:: The problem ::
Every line below should be copied out exactly.

(Data records)
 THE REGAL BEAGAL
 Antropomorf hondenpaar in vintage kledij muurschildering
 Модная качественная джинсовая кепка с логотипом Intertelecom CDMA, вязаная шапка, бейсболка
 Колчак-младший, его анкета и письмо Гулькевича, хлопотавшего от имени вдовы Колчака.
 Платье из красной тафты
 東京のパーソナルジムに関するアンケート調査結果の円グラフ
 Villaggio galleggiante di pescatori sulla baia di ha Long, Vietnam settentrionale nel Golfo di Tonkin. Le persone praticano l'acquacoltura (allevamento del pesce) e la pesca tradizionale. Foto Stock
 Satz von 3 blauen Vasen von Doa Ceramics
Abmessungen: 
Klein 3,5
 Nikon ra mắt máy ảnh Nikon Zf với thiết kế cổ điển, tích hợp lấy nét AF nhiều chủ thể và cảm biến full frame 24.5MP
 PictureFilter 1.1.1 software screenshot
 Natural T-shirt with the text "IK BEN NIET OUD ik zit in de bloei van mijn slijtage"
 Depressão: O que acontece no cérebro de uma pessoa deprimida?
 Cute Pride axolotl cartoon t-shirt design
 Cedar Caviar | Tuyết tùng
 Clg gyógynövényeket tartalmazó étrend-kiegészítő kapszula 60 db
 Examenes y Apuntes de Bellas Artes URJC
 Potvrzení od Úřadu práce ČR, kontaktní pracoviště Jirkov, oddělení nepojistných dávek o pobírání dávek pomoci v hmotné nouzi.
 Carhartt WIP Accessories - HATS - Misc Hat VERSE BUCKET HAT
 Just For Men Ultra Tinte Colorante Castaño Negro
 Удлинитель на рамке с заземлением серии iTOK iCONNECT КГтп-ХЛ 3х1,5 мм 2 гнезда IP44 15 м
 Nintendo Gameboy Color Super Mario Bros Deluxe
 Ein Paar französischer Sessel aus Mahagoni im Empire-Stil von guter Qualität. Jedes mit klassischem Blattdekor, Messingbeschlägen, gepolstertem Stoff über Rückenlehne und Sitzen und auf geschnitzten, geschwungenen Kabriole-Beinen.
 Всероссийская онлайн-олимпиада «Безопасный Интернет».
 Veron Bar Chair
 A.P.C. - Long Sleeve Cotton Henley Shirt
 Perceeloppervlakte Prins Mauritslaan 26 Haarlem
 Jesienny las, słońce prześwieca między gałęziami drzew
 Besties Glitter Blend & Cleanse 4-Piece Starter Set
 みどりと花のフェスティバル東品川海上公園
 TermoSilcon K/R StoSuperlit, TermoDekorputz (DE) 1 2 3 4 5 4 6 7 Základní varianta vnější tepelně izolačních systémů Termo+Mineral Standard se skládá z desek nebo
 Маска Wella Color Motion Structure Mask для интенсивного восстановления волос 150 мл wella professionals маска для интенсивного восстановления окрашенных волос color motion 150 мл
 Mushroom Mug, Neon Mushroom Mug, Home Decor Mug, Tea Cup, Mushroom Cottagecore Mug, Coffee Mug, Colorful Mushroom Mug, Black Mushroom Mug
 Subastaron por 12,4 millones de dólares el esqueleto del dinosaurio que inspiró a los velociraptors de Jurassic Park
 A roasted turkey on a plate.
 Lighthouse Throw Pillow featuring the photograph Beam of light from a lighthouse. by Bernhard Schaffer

:: Solved exercise ::
 THE REGAL BEAGAL
 Antropomorf hondenpaar in vintage kledij muurschildering
 Модная качественная джинсовая кепка с логотипом Intertelecom CDMA, вязаная шапка, бейсболка
 Колчак-младший, его анкета и письмо Гулькевича, хлопотавшего от имени вдовы Колчака.
 Платье из красной тафты
 東京のパーソナルジムに関するアンケート調査結果の円グラフ
 Villaggio galleggiante di pescatori sulla baia di ha Long, Vietnam settentrionale nel Golfo di Tonkin. Le persone praticano l'acquacoltura (allevamento del pesce) e la pesca tradizionale. Foto Stock
 Satz von 3 blauen Vasen von Doa Ceramics
Abmessungen: 
Klein 3,5
 Nikon ra mắt máy ảnh Nikon Zf với thiết kế cổ điển, tích hợp lấy nét AF nhiều chủ thể và cảm biến full frame 24.5MP
 PictureFilter 1.1.1 software screenshot
 Natural T-shirt with the text "IK BEN NIET OUD ik zit in de bloei van mijn slijtage"
 Depressão: O que acontece no cérebro de uma pessoa deprimida?
 Cute Pride axolotl cartoon t-shirt design
 Cedar Caviar | Tuyết tùng
 Clg gyógynövényeket tartalmazó étrend-kiegészítő kapszula 60 db
 Examenes y Apuntes de Bellas Artes URJC
 Potvrzení od Úřadu práce ČR, kontaktní pracoviště Jirkov, oddělení nepojistných dávek o pobírání dávek pomoci v hmotné nouzi.
 Carhartt WIP Accessories - HATS - Misc Hat VERSE BUCKET HAT
 Just For Men Ultra Tinte Colorante Castaño Negro
 Удлинитель на рамке с заземлением серии iTOK iCONNECT КГтп-ХЛ 3х1,5 мм 2 гнезда IP44 15 м
 Nintendo Gameboy Color Super Mario Bros Deluxe
 Ein Paar französischer Sessel aus Mahagoni im Empire-Stil von guter Qualität. Jedes mit klassischem Blattdekor, Messingbeschlägen, gepolstertem Stoff über Rückenlehne und Sitzen und auf geschnitzten, geschwungenen Kabriole-Beinen.
 Всероссийская онлайн-олимпиада «Безопасный Интернет».
 Veron Bar Chair
 A.P.C. - Long Sleeve Cotton Henley Shirt
 Perceeloppervlakte Prins Mauritslaan 26 Haarlem
 Jesienny las, słońce prześwieca między gałęziami drzew
 Besties Glitter Blend & Cleanse 4-Piece Starter Set
 みどりと花のフェスティバル東品川海上公園
 TermoSilcon K/R StoSuperlit, TermoDekorputz (DE) 1 2 3 4 5 4 6 7 Základní varianta vnější tepelně izolačních systémů Termo+Mineral Standard se skládá z desek nebo
 Маска Wella Color Motion Structure Mask для интенсивного восстановления волос 150 мл wella professionals маска для интенсивного восстановления окрашенных волос color motion 150 мл
 Mushroom Mug, Neon Mushroom Mug, Home Decor Mug, Tea Cup, Mushroom Cottagecore Mug, Coffee Mug, Colorful Mushroom Mug, Black Mushroom Mug
 Subastaron por 12,4 millones de dólares el esqueleto del dinosaurio que inspiró a los velociraptors de Jurassic Park
 A roasted turkey on a plate.
 Lighthouse Throw Pillow featuring the photograph Beam of light from a lighthouse. by Bernhard Schaffer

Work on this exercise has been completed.